Chapter 6: Physiological and Environmental Causes of Freezing Injury in Red Spruce

Paul G. Schaberg and Donald H. DeHayes

There has been a dramatic increase in the incidence of freezing injury to northern red spruce forests, leading to forest decline, over the past 4 decades. It is likely that the increased injury is the result of human-induced environmental changes: acid deposition and altered weather patterns. The average temperature at which freezing injures current-year needles is between -40 and -45^oC. Red spruce is much more susceptible to freezing injury than the co-occurring species balsam fir.

Many environmental factors have been studied for their potential to reduce cold tolerance. Ozone does not appear to reduce foliar cold tolerance or increase susceptibility to freezing injury. CO₂ enrichment and N nutrition may interact to influence cold tolerance but the evidence is not clear. It is virtually certain that rapid freezing stress explains localized injury concentrated on sun-exposed branches, but it is unlikely that rapid freezing explains injury on shaded foliage or region-wide injury events. Long winter thaws (4-5 days) cause reductions in cold tolerance of up to 14^oC, a response unique to red spruce. Numerous studies have shown that short-term nitrogen additions either have no impact on freezing tolerance or may improve hardiness. Sulfur additions appear to have some impact on autumn hardiness, but no impact on winter cold tolerance. Aluminum has many effects on red spruce physiology, but no apparent effect on cold tolerance. Calcium loss due to acid deposition affects red spruce health, and may have indirect effects on cold tolerance. The strongest evidence for an environmental effect on freezing injury is that exposure to acid cloud water increases the risk of foliar freezing injury by reducing the cold tolerance of current-year foliage from 5 to 12^oC. Of all the possible combinations of factors, interactions between acid mist and thaw have the greatest potential to increase the risk of freezing injury during winter, but this hypothesis has not been fully tested.

The specific mechanisms causing winter injury appear to include perturbations of winter temperatures on a species with limited genetic potential for cold tolerance, coupled with alterations to the structure and function of plasma membrane-associated calcium in mesophyll cells.
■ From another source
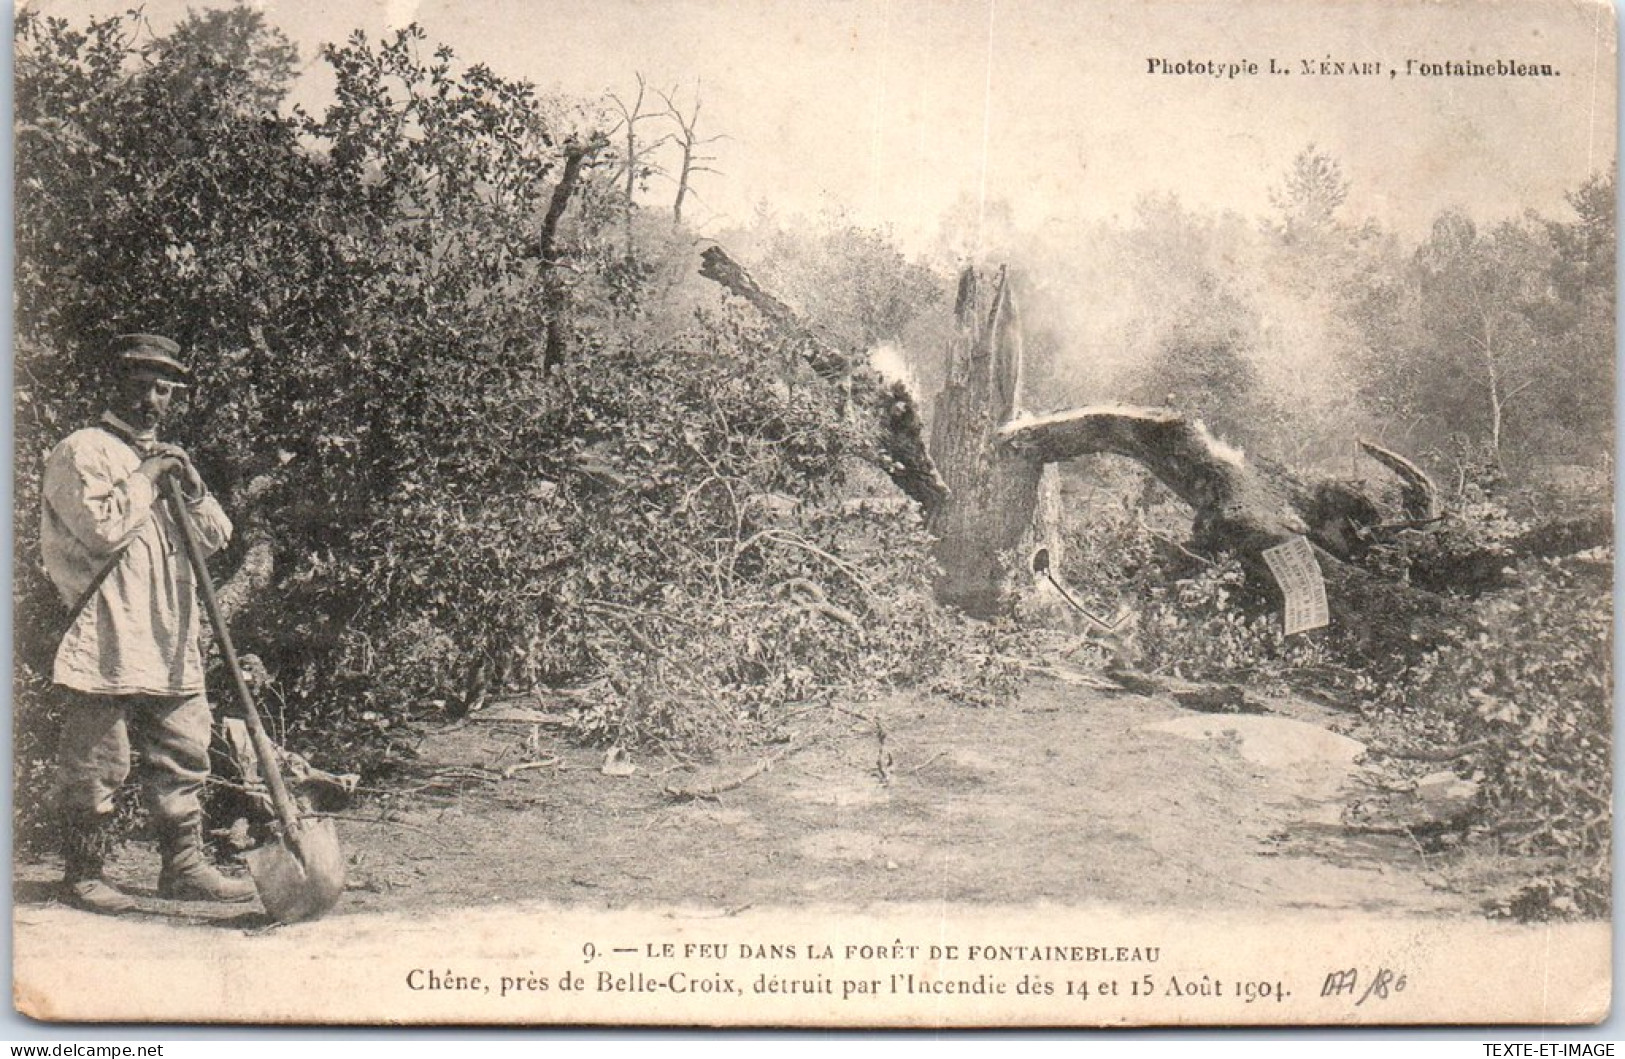 77 FONTAINEBLEAU - Aincendie De Foret 1904 - Un Chene - Fontainebleau
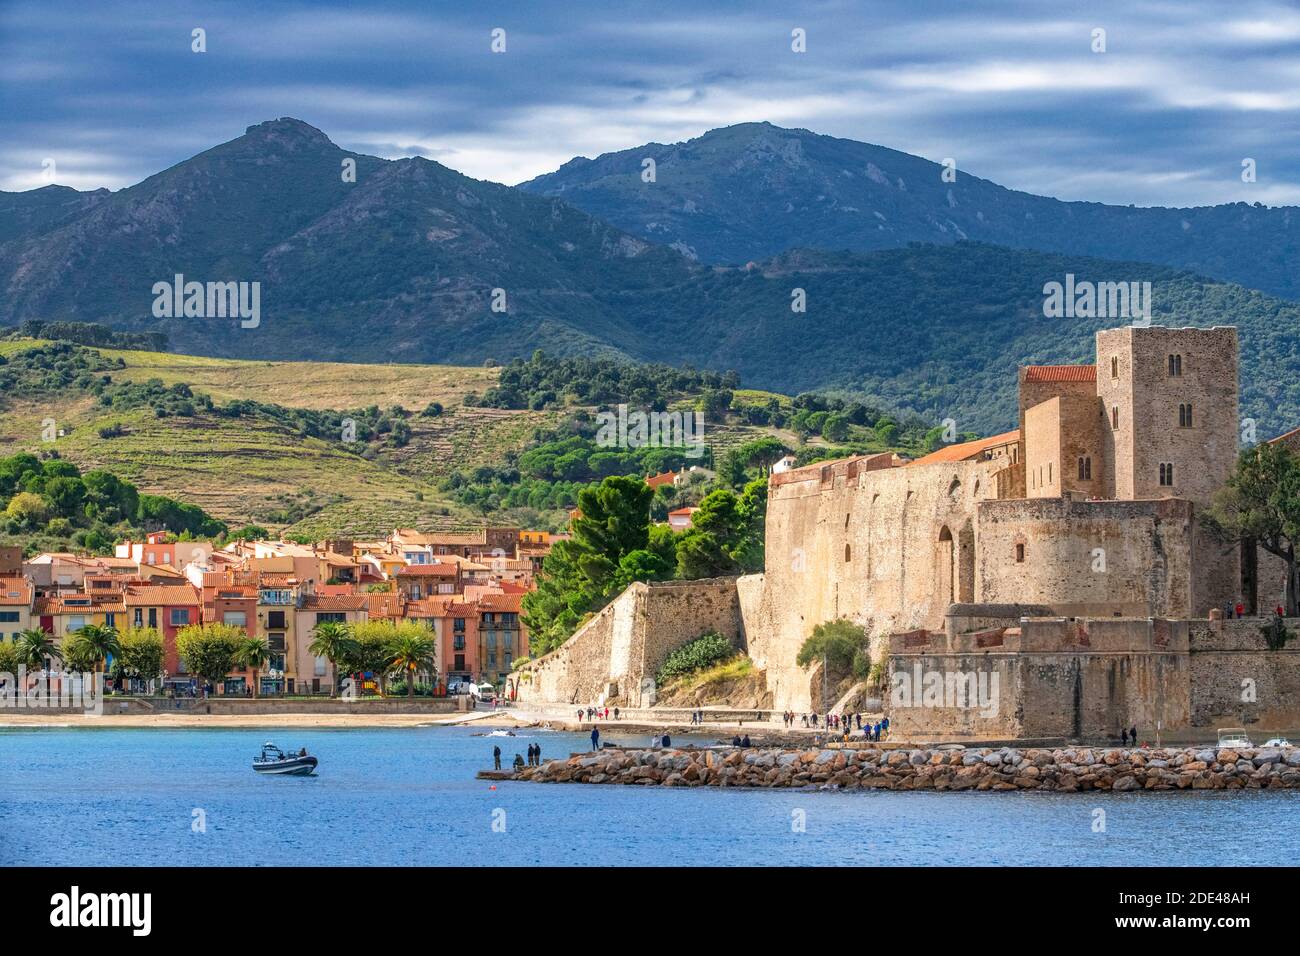 Castello reale di Collioure e paesaggio spiaggia di mare del pittoresco villaggio di Colliure, vicino Perpignan a sud della Francia Languedoc-Roussillon C. Foto Stock

Because of the strong linkage of this mechanism to acidic precipitation, there is great concern that membrane integrity of other species may also be affected, but only red spruce exhibits visible damage symptoms because of its unique susceptibility to winter injury.

(a) Relationship between critical temperatures derived from laboratory freezing experiments with 36 red spruce trees and quantitative estimates of foliar winter injury of the same trees recorded in a provenance test of red spruce near Colebrook, NH.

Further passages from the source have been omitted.